Return the lines of the listing below exactly as they appear, beginning at the one with "ASUS ExpertBook B9" and stopping after the one with "Best Managed Company"; do not include pictures.

*** RECORDS ***

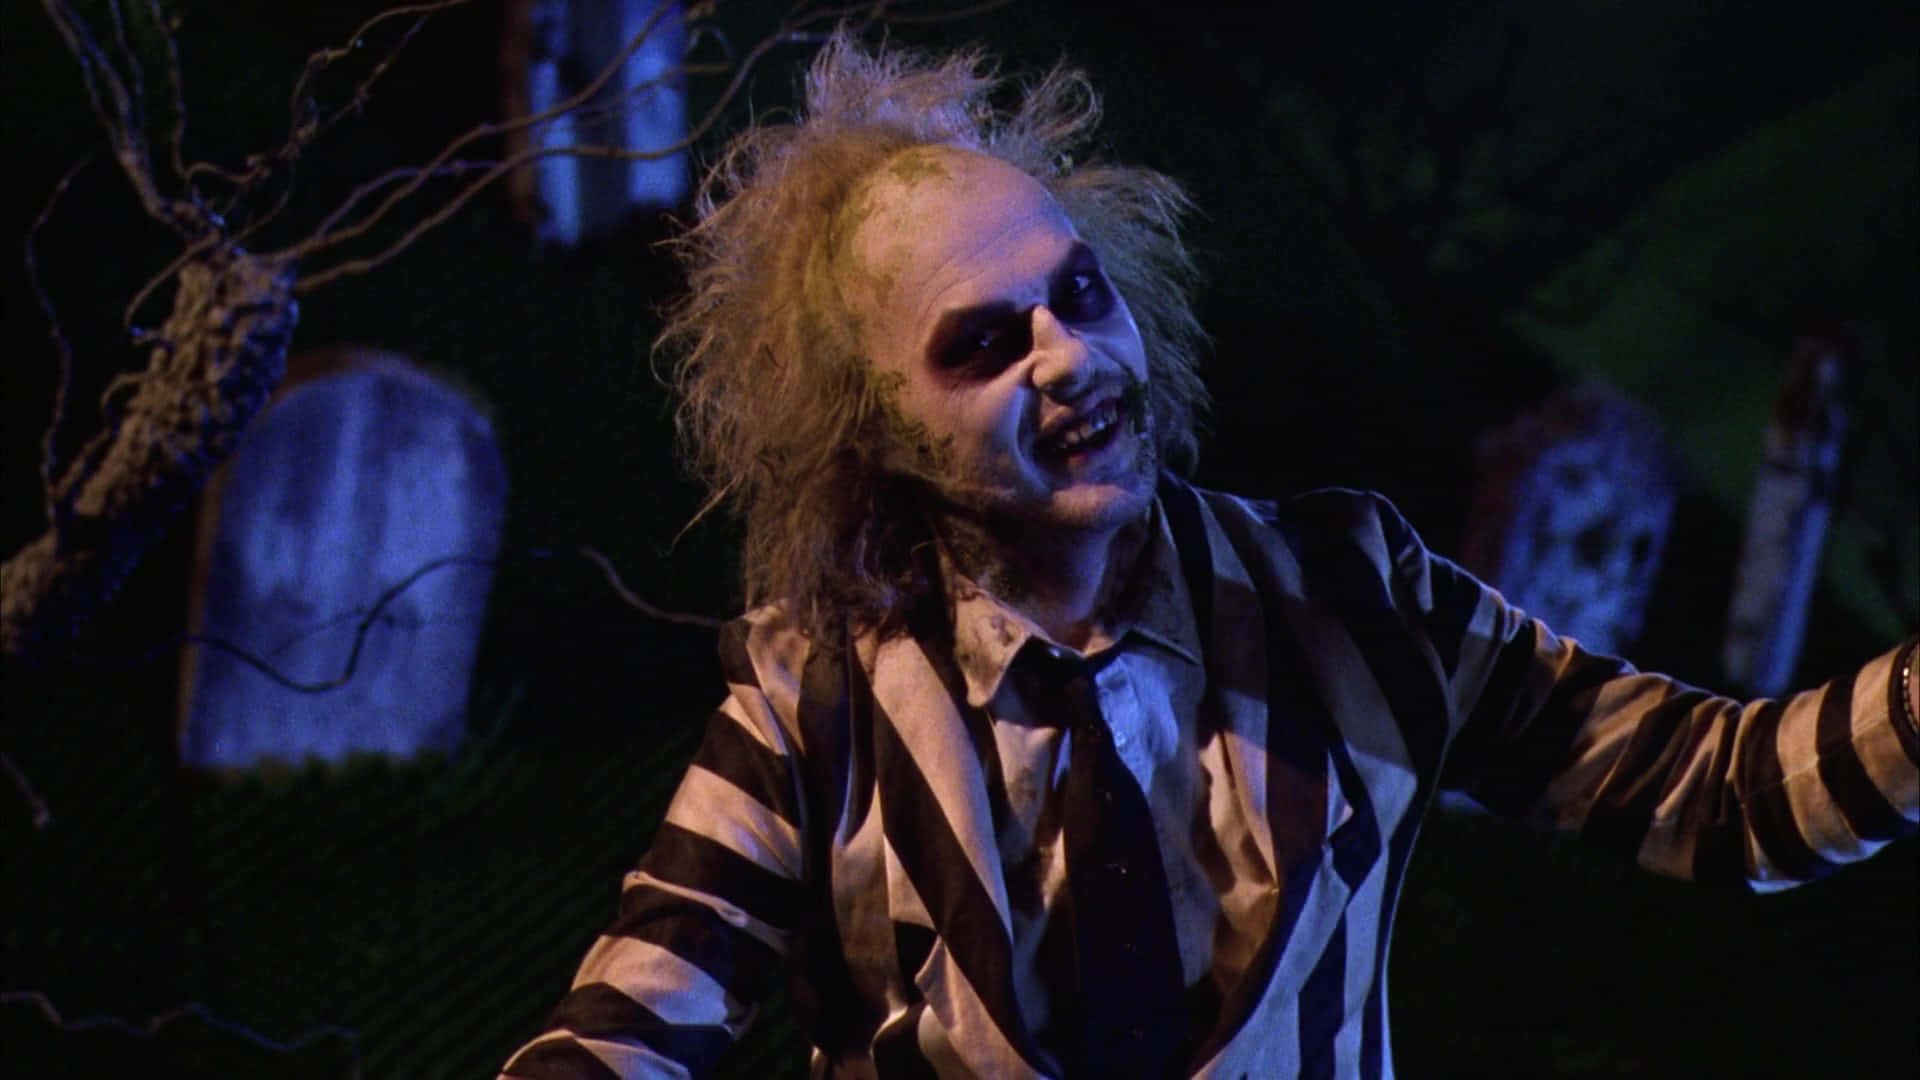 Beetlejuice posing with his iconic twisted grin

*** End of RECORDS ***
*** RECORDS ***

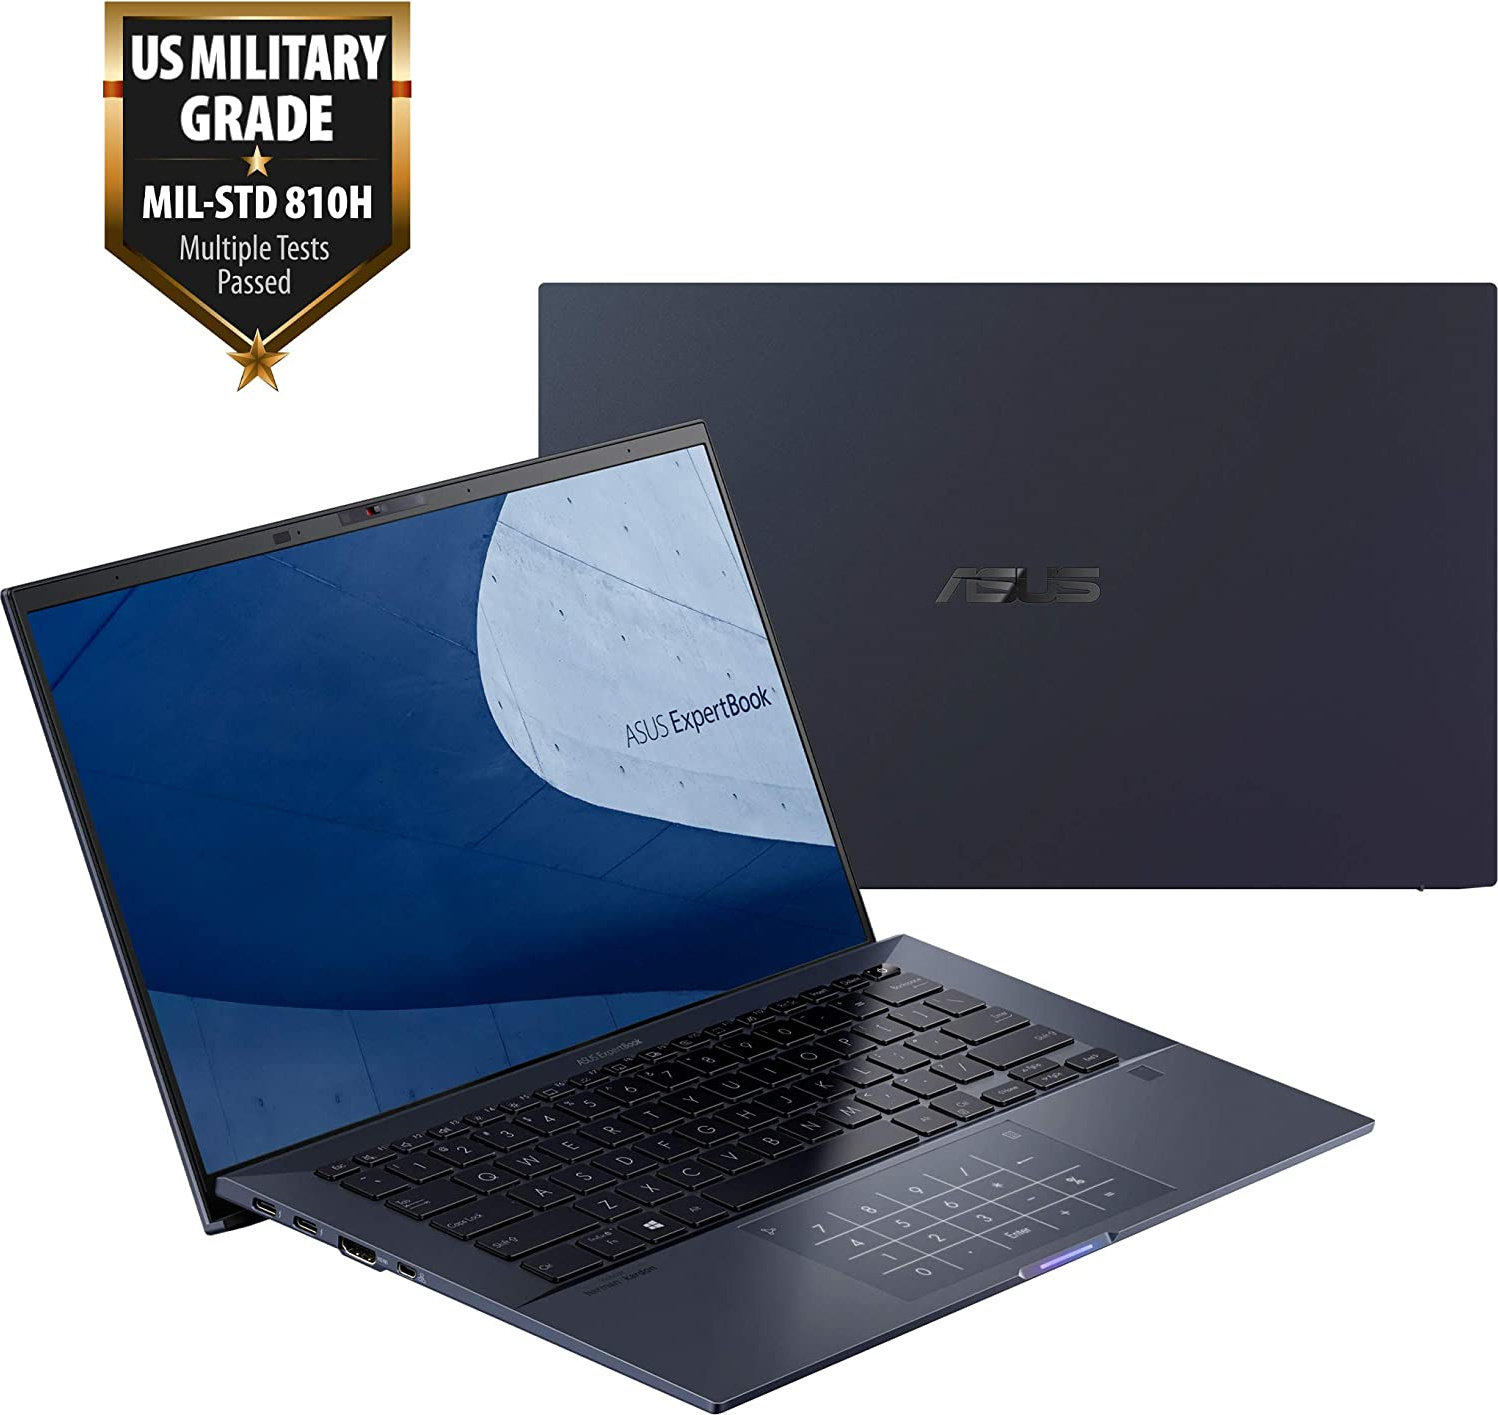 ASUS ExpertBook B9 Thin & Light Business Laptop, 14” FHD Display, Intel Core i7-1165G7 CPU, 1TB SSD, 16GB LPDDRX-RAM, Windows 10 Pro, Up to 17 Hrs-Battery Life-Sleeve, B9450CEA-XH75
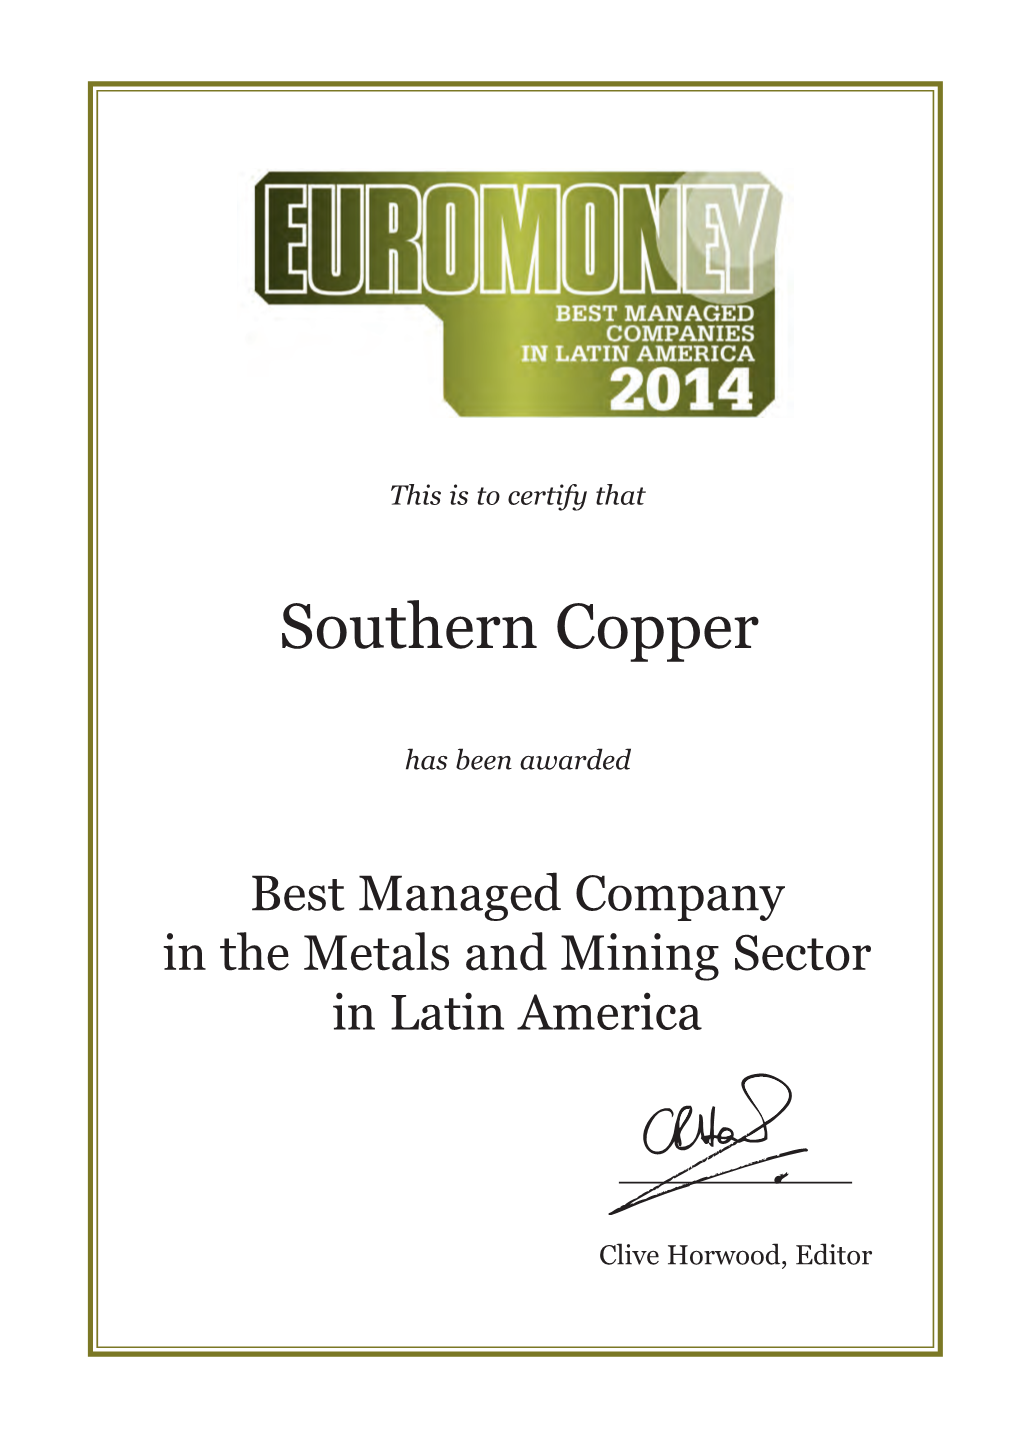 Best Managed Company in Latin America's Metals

*** End of RECORDS ***

## EXERCISE SOLUTION
 ASUS ExpertBook B9 Thin & Light Business Laptop, 14” FHD Display, Intel Core i7-1165G7 CPU, 1TB SSD, 16GB LPDDRX-RAM, Windows 10 Pro, Up to 17 Hrs-Battery Life-Sleeve, B9450CEA-XH75
 Best Managed Company in Latin America's Metals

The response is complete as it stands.